Still proud

pride

Every year I march in the PRIDE parade with my local atheist group which to believers is probably the worst imaginable scenario. Just like I have believers scold me for pushing an atheist agenda onto my child I have also had people imply that attending PRIDE is promoting a gay lifestyle. Well first of all I don’t know what a gay lifestyle is. People are who they are and they live their life just like everyone else. Second, if they mean that I am promoting acceptance of the LGBT community, how exactly is that a bad thing? I want Arabella to be open-minded and supportive of people. I want her to see that we go to events such a PRIDE not just because we identify but also as allies. Rich is heterosexual and still attends PRIDE every year to support me and the rest of the LGBT community. I cannot imagine how people find something negative about this.
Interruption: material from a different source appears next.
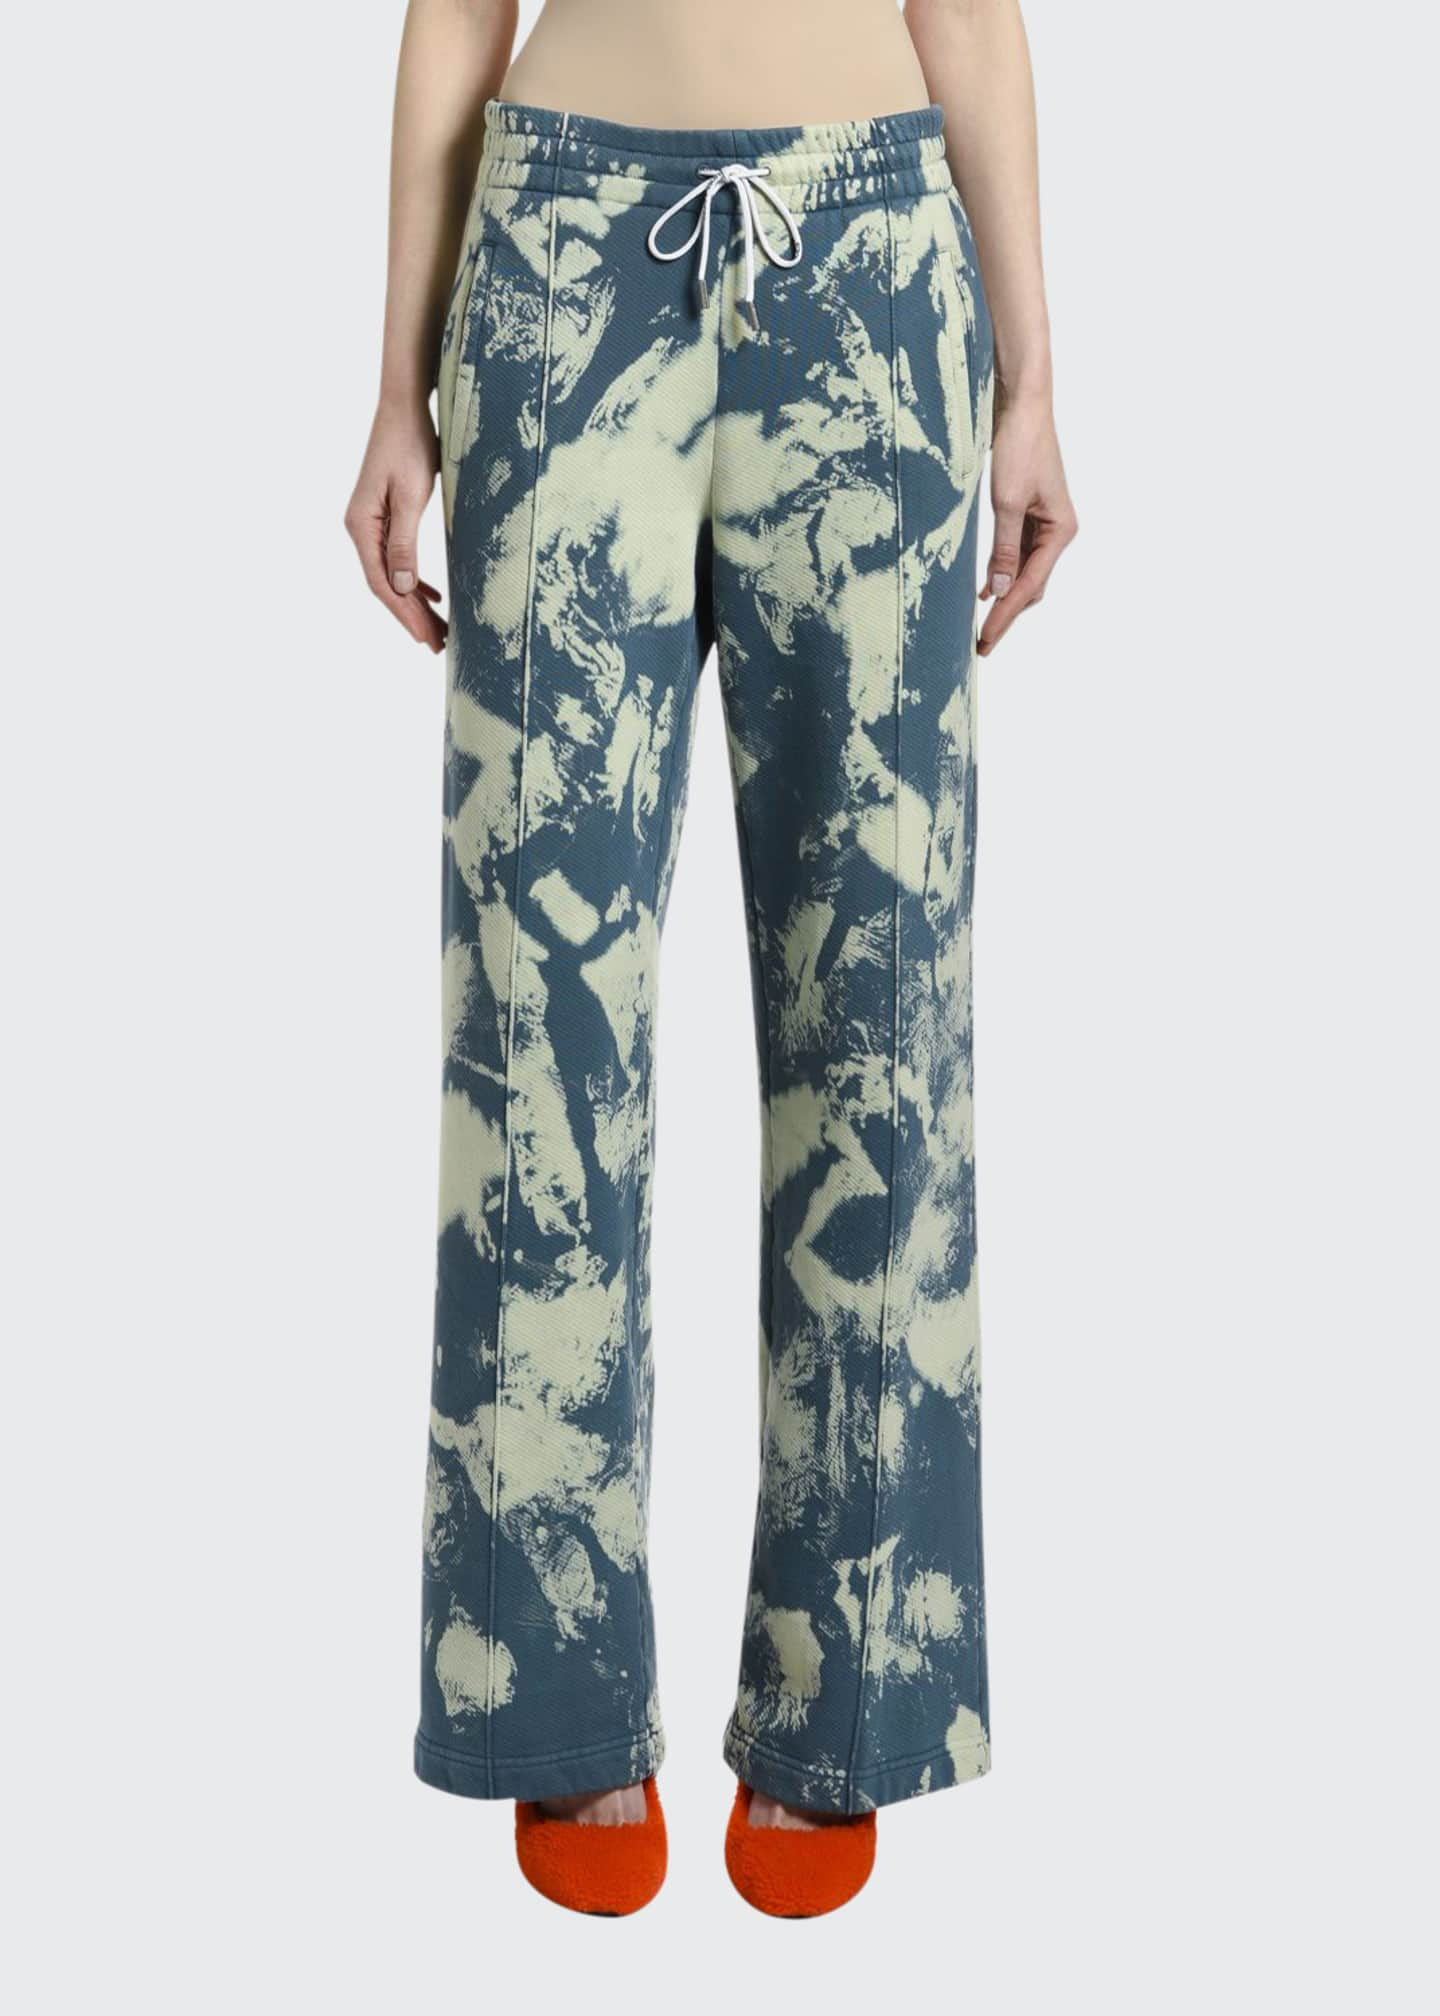 Off-White Tie-Dye Track Pants
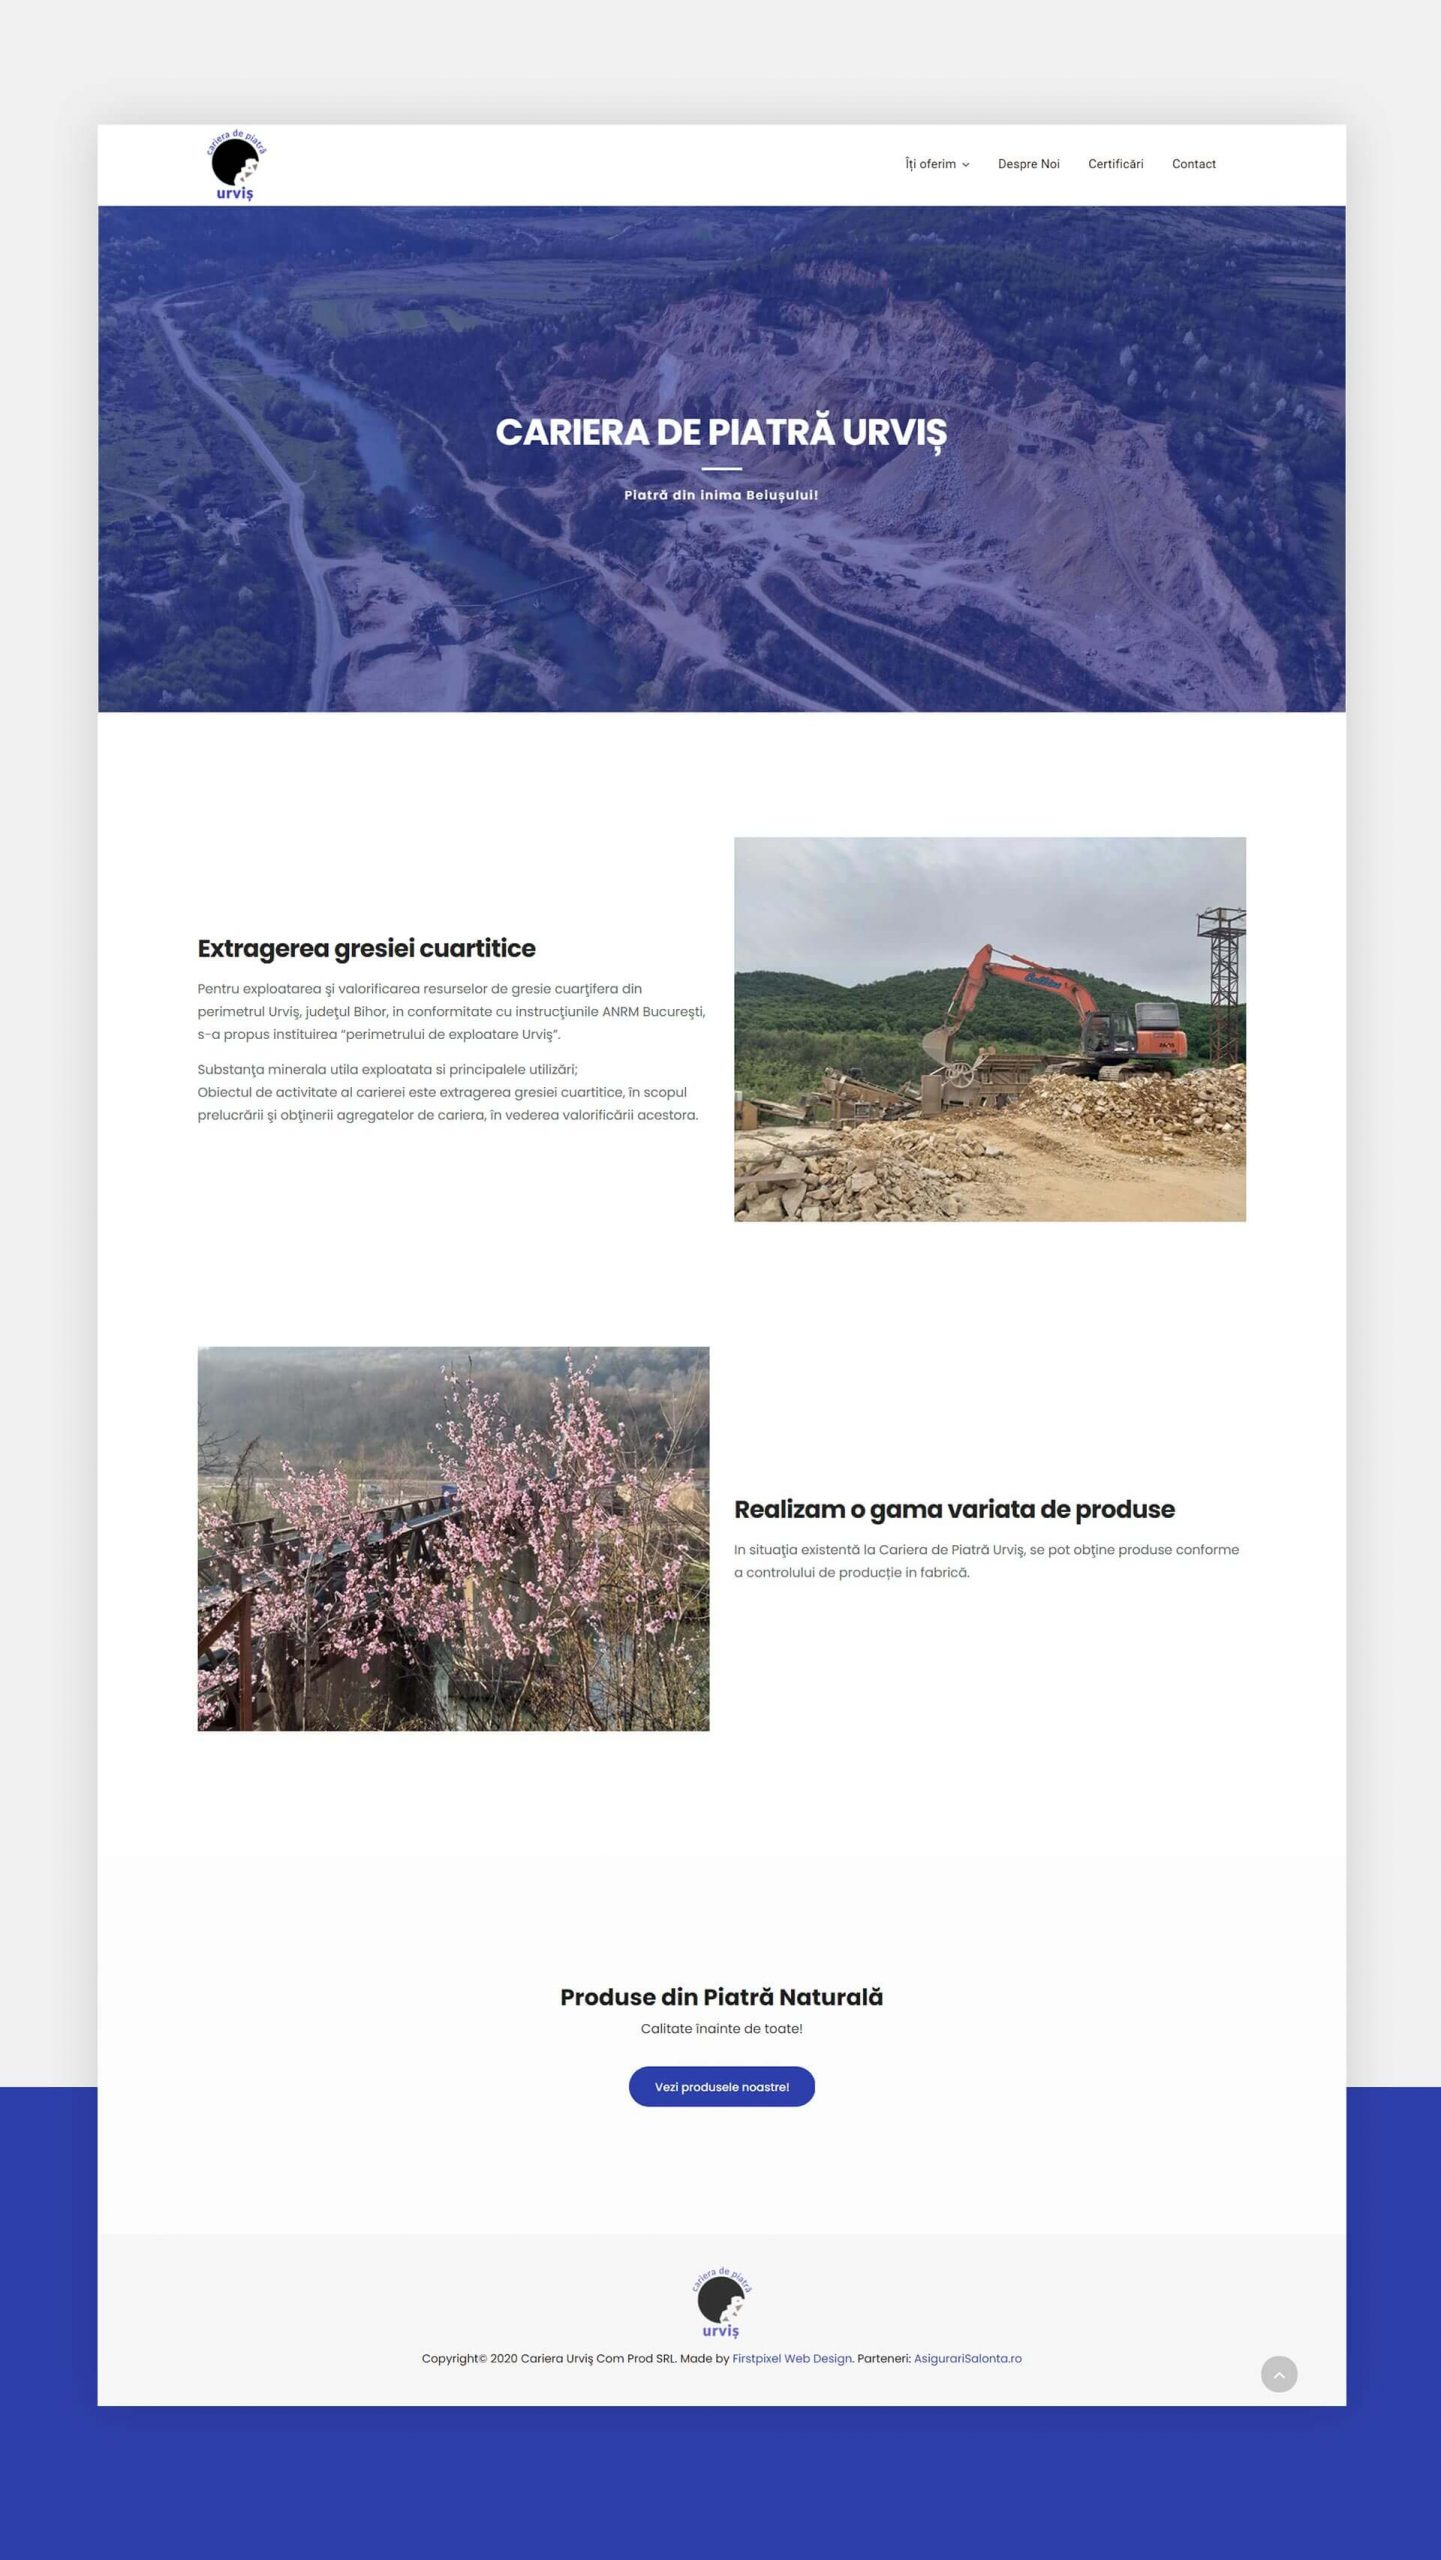 prezentare-site-full-cariera-de-piatra-urvis

I believe it is never too early to start promoting love and acceptance of others. I am often asked if Arabella knows that I am bisexual and to that the answer is no, but only because she is four years old and the topic hasn’t come up. When she does show an interest I will gladly discuss it with her, though the level of detail I go in to will depend upon her age and maturity at the time of the discussion. I really don’t see how explaining that bi-sexual means that mommy has had relationships with both men and women could be interpreted as a negative thing, but then again I don’t comprehend irrational concepts.

I feel that being open with Arabella about who I am and what I have experienced will help us to start an open line of communication. I never want her to be afraid to tell me things about herself. As a teenager I wasn’t afraid of my sexuality but I also didn’t sit down and have a heart-to-heart with my parents about it. I have casually mentioned it to them as an adult but they seem pretty indifferent to it. I suppose the fact that I am not actively in a homosexual relationship, but instead in a heterosexual marriage has something to do with it. Though I will say that I 100% believe that my parents would have supported me had it been a woman that I decided to marry. They have supported me through every other choice I have made and have loved me unconditionally my entire life so I would expect nothing else.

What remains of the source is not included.